Fig. 7: Application of eSCBE3-NG-Hypa in metabolic engineering.
figure 7

a The deactivation of olm and pte in S. avermitilis 3-115 via the introduction of premature stop codon by using eSCBE3-NG-Hypa. Blue arrows indicate PKS gene in olm, and red arrows indicate PKS gene in pte. Doted areas are the protospacers designed to generate premature stop codon in gene olmA1 and pteA1, respectively. PAM is highlighted in yellow. The Sanger sequencing chromatograms illustrate the editing events observed in plasmid-uncured exconjugants and plasmid-cured mutants. The detected base conversions are marked with red triangles. The target tryptophan (W) residue is highlighted by green dovetail-shaped arrows, whereas the intended stop codons are denoted by black asterisks highlighted in orange dovetail-shaped arrows. b Line chart with error band shows avermectin B1a production of mutants ΔDH6, ΔDH8, and ΔDH9. Mean and s.d. shown for n = 3 biologically independent samples. The statistical test was two-sided and no adjustments were made for multiple comparisons. c Genome-wide off-target evaluation of eSCBE3-NG-Hypa in mutants Δolm, Δpte, and ΔolmΔpte. Heat map shows distribution of the nucleotide changes against the reference genome of S. avermitilis 3-115. d The bar chart displays the numbers of SNVs shown in (c) and transformed amino acids in mutants Δolm, Δpte, and ΔolmΔpte.

Sanger sequencing analysis revealed a target C/T conversion or overlapping peak in genomes of 100% exconjugants in group Δolm (5 out of 5), 100% in group Δpte (1 out of 1), and 60% in group ΔolmΔpte (3 out of 5) (Fig. 7a and Supplementary Fig. 10a–c). After plasmid curing, we observed the anticipated amino acid mutation from Trp codon (TGG, corresponding to the editable CCA in the non-coding strand) to a stop codon (TAG/TAA) in mutants Δolm, Δpte, and ΔolmΔpte (Fig. 7a).

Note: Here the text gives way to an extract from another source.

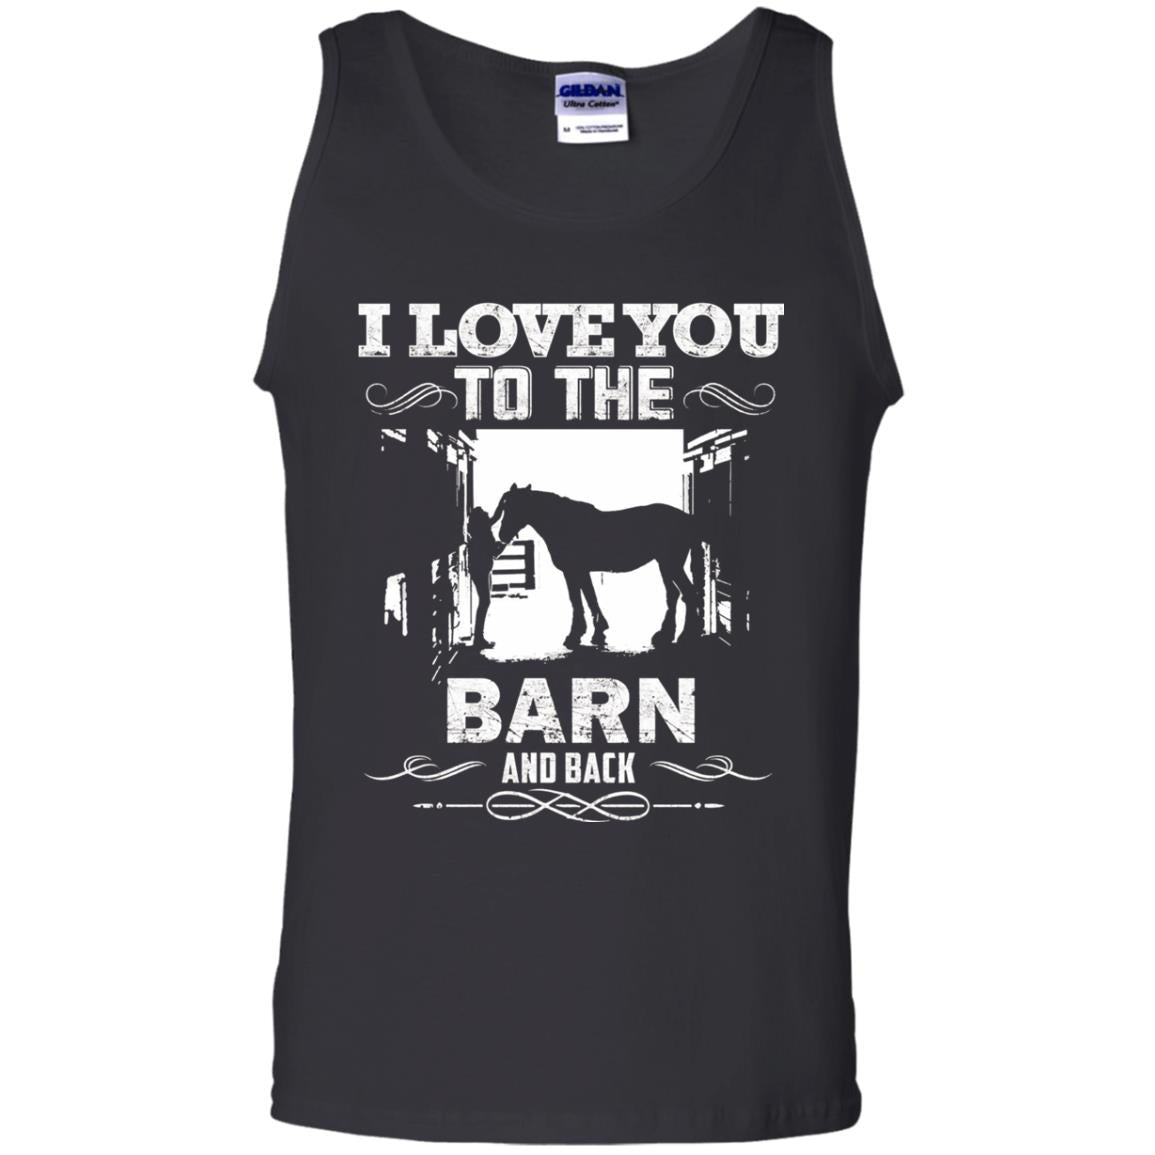 To The Barn And Back Horse Lover Riding Shirt

As the fermentation results shown, the introduction of a premature stop codon in olmA1 or pteA1 led to the abolishment of oligomycins or filipins production (Supplementary Fig. 11). Prominently, among the four tested strains, Δolm and ΔolmΔpte demonstrated an accelerated rate of antibiotic production compared to the control strain (Fig. 7b). Meanwhile, the Δolm strain exhibited the highest 4.45-fold increase in avermectin B1a production, while the Δpte mutant showed a substantial 4.08-fold increase (Fig. 7b). Intriguingly, despite the dual inactivation of olm and pte in the ΔolmΔpte strain, it demonstrated only a modest 1.39-fold increase in avermectin B1a production (Fig. 7b).

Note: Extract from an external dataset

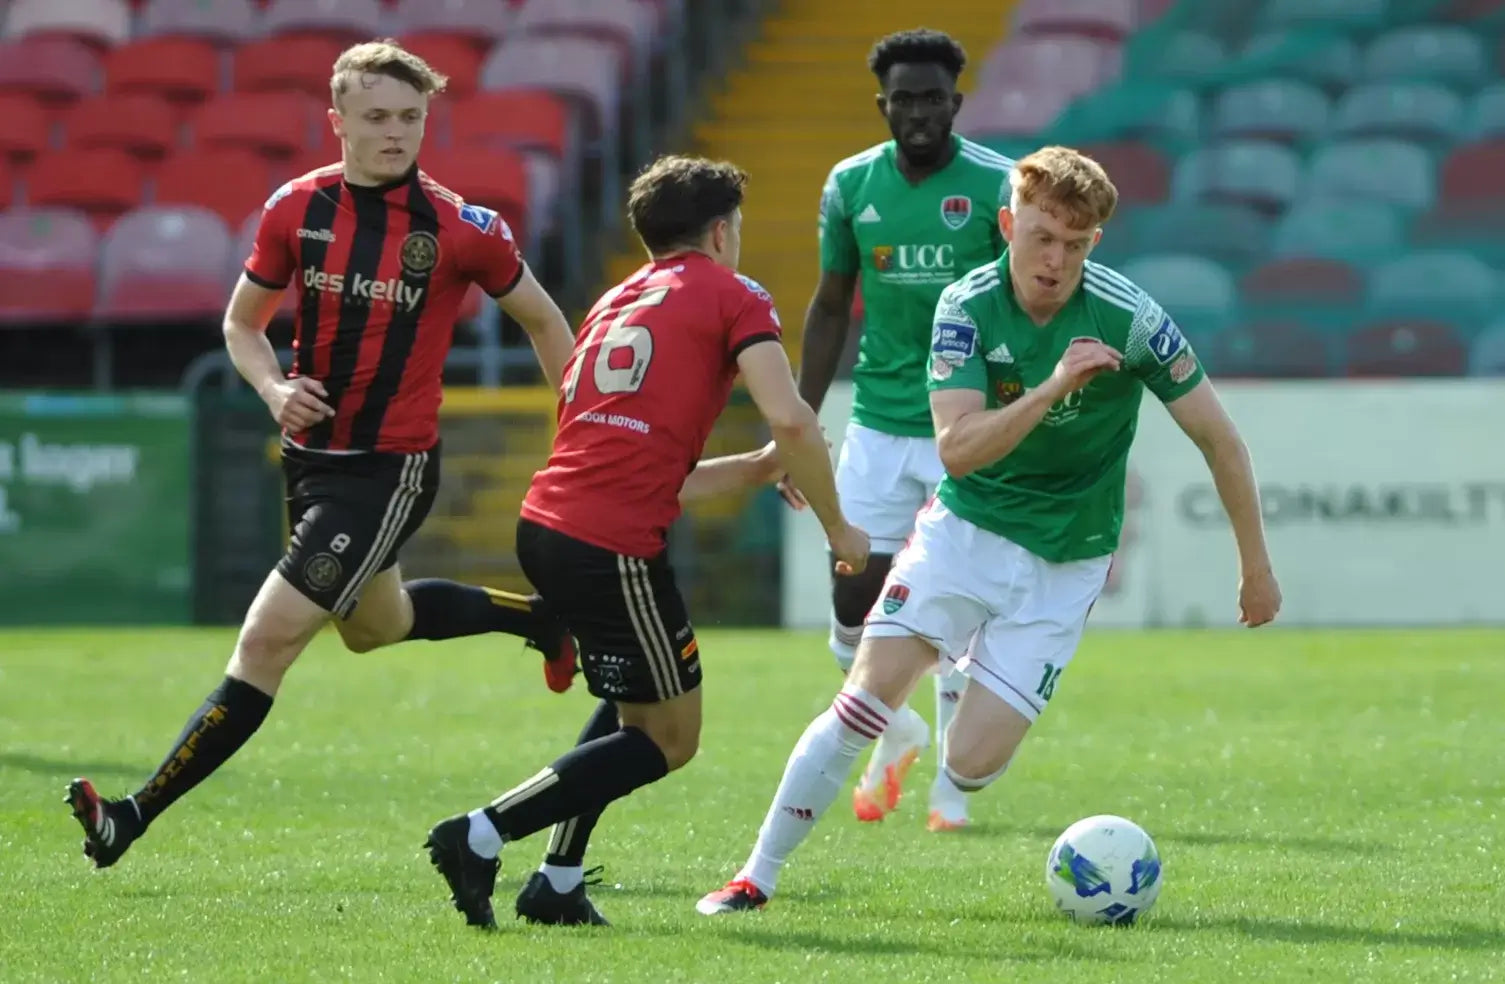 City Edition Preview - CCFC v Longford

This suggests a complex regulation in avermectins synthesis, where interwoven metabolic networks play a role in influencing the production of diversiform classes of secondary metabolites in S. avermitilis. The metabolic network flux and proteomics analysis of S. avermitilis suggest that the efficient production of avermectin B1a relies on the availability of correct precursors in the right ratios: 1 × methylbutanoyl-CoA + 5 × methylmalonyl-CoA + 7 × malonyl-CoA65. Given that the ave, olm, and pte gene clusters encode type 1 PKSs utilizing common building blocks or intermediates like malonyl-CoA, methylmalonyl-CoA, and propionyl-CoA, the disruption of either the olm or pte competitor pathway leads to the accumulation of avermectins precursors, thereby enhancing avermectins production. However, the excess accumulation of malonyl-CoA, methylmalonyl-CoA and propionyl-CoA may be inhibitory and toxic to the cell66. In line with the prior study66, we demonstrated a delay in the growth of S. avermitilis 3-115 and its corresponding mutants when cultured in TSB medium supplemented with propionate compared to the group without propionate (Supplementary Fig. 12). We hypothesized that metabolites derived from propionate, specifically propionyl-CoA and methylmalonyl-CoA, induce growth inhibition in S. avermitilis 3-115 and related strains, constraining the production of secondary metabolites of Streptomyces.

Additionally, we investigated the off-target effects induced by eSCBE3-NG-Hypa in genomes of the mutant strains Δolm, Δpte, and ΔolmΔpte. WGS analysis revealed a limited number of 8, 31, and 35 SNVs in the genome of Δolm, Δpte, and ΔolmΔpte, respectively, with the primary mutation type being C-to-T/G-to-A (Fig. 7c, d and Supplementary Data 4). Meanwhile, less amino acid alteration caused by detected SNVs was observed with the number of 5, 14, and 18 in Δolm, Δpte, and ΔolmΔpte, respectively (Fig. 7d). Of note, no additional unexpected stop codon was introduced in the metabolic regions of the genomes of Δolm, Δpte, and ΔolmΔpte (Supplementary Fig. 9c), suggesting that eSCBE3-NG-Hypa exhibited an acceptable off-targeting profile, and the inactivation of the target competitor gene cluster primarily contributed to the enhancement of avermectins production in the mutant strains Δolm, Δpte, and ΔolmΔpte. These results signify that the inactivation of gene clusters within competitor pathways, facilitated by eSCBE3-NG-Hypa, represents a potent approach to attain precise gene control and enhance product synthesis.

Discussion

The applications of genome editing in Streptomyces necessitate the development of base editors with a broad targeting scope and minimal off-target effects. Here, we engineered and characterized 11 cytosine base editors with relaxed PAM tolerances, high-fidelity properties, or a combination of both, of which eSCBE3-NGs displayed considerable editing efficiency at target sites featuring NG PAM. Although the recently reported SpCas9 variant SpRY allows for targeting of sites with preferred NRN (where R is A or G) and NYN (where Y is C or T) PAMs, it leads to the recognition of more off-target sites39. Furthermore, the results of bioinformatics analysis indicate that up to 98.72% of genes in the genome of S. coelicolor M145 could be introduced a premature codon, suggesting that a substantial number of NGN PAMs distributed across the Streptomyces genome render SpCas9-NG a fitting choice for diverse applications with comparatively low off-target risks in Streptomyces.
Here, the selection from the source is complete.